Egg-citing Easter facts

Egg-citing Easter facts

Egg-citing Easter facts

First published in News
Last updated

AS you rip open the packaging and take a big chocolately bite of an egg this Easter, you probably won’t give second’s thought to where this strange tradition comes from.

But did you know the link between Eggs and Easter stems back thousands of years?

Here are some egg-citing facts......

• In Pagan times it was believed the egg had special powers and was buried under the foundations of buildings to ward off evil.

Brides stepped on an egg before entering their new homes and to give someone the gift of an egg meant you wished them many children.

• In fact, it is still a tradition in Scotland and North-East England to take part in ‘egg rolling’- which involves rolling eggs down steep hills. In America, the tradition of the Washington Easter Egg Roll dates back to at least 1872. Egg rolling, which symbolises the rolling away of the tomb of Jesus, is an ancient tradition and was very popular in the middle ages.

• Different countries have developed their own Easter egg traditions.
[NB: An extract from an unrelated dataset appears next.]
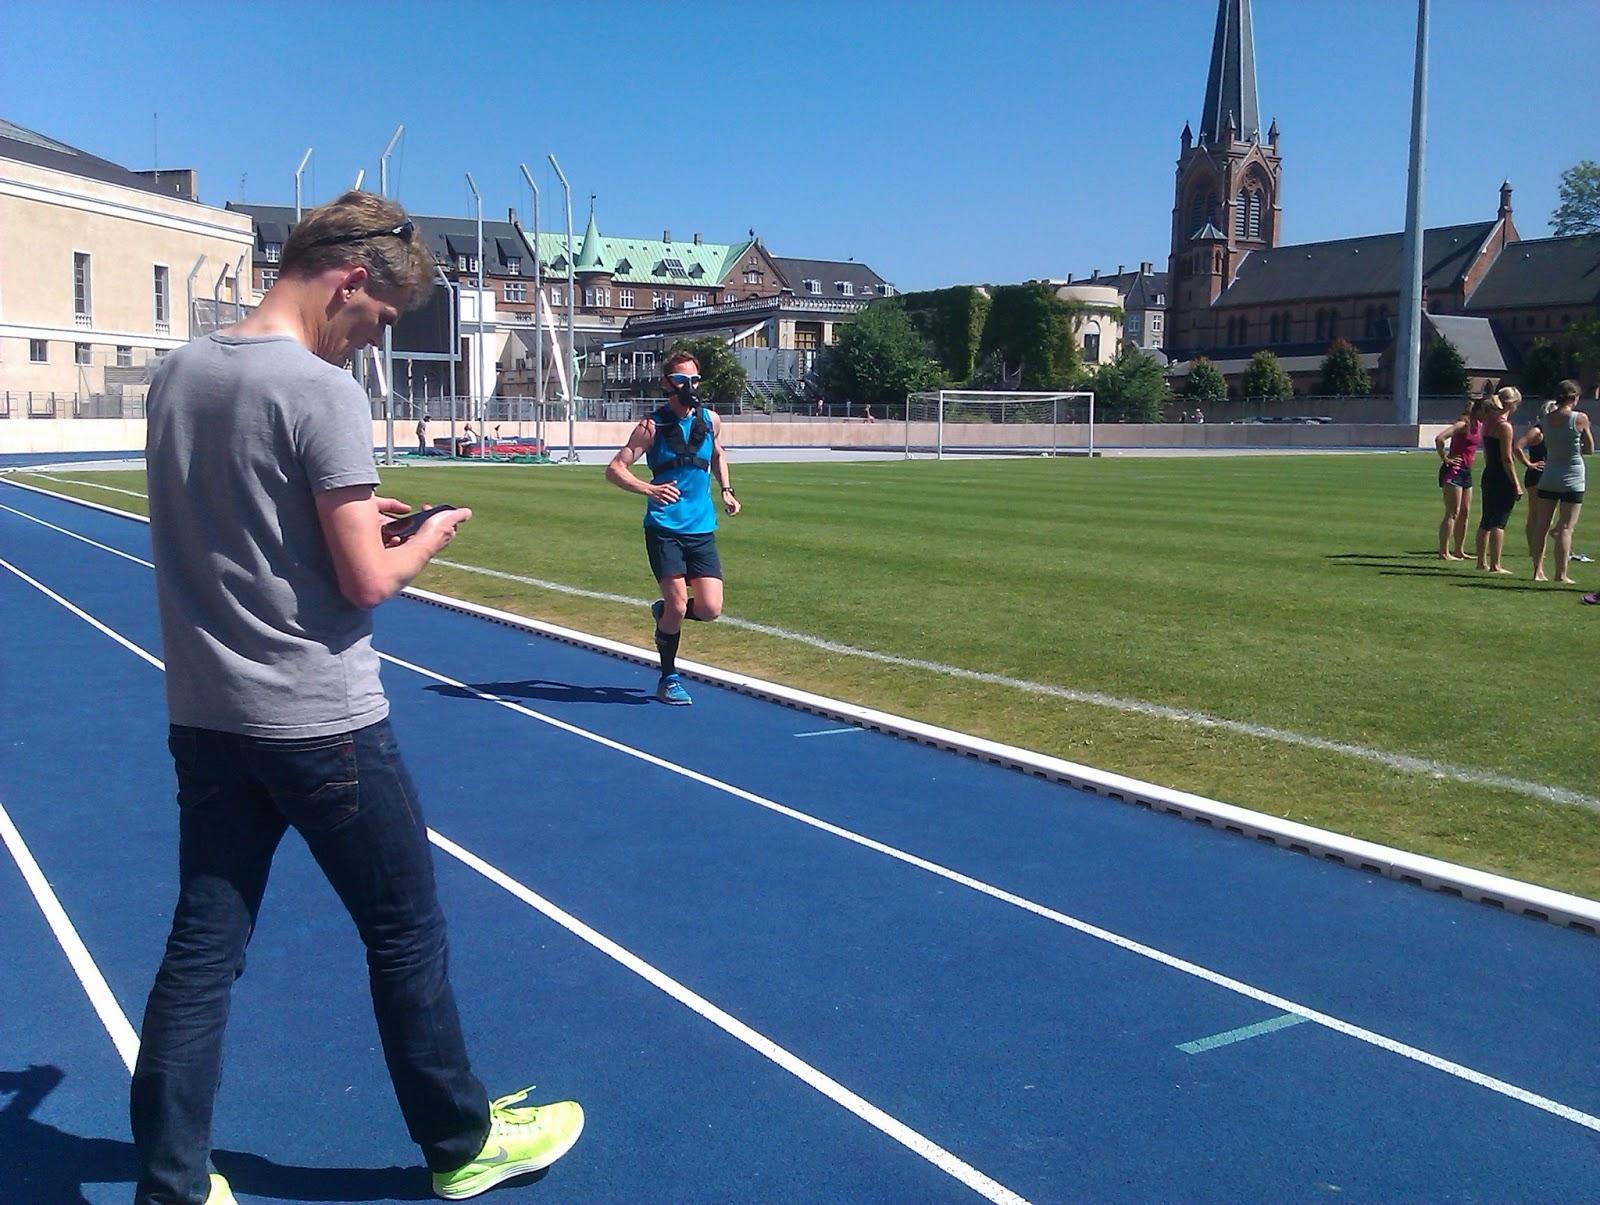 Nike Marathontest 2: Sådan testede løbere formen

It’s custom in Greece to exchange crimson-coloured eggs.

The red dye symbolises the blood of Christ and the egg represents new life.

In Guatemala, carpets of sawdust and flowers that measure up to a mile in length and people walk over them on their way to church.

• The first Fabergé egg was made as an Easter gift for the Empress of Russia in 1883 from her husband, Tsar Alexander.

• Bristol chocolatiers J.Fry & Sons made the first UK Easter egg in 1873- but it wasn’t like the tasty treats we know and love today.

Early Easter eggs were made from very bitter, dark chocolate and may have been decorated with marzipan.

Cadbury developed its first chocolate Easter egg in 1875

What about hot cross buns?

The tradition of making baked goods with a 'cross' stems back thousands of years and is from Pagan tradition, later adopted by Christians.

The cross was said to ward off evil spirits that might make the bread go mouldy or stale. 

It is thought that the recipe for hot cross buns- studding bread with dried fruit- stems back to ancient Greece, in honour of the goddess of spring and dawn, Eostre. 

Elizabeth I passed a law in around 1592 banning the sale of hot cross buns, except for on Good Friday, Christmas and burials.

Easter parades and bonnets

There is said to be an old superstition that wearing new clothes at Easter would bring good luck for the rest of the year. 

The first 'Easter' bonnets can actually be traced back further than the tradition of Easter itself and were bands of flowers and leaves which symbolised the seasons and the beginning of spring.

In Mid-1800s New York, the upper classes would parade through the streets after the Easter church services parading their finery. Today the tradition of the New York Easter parade continues- but it's far more wackier.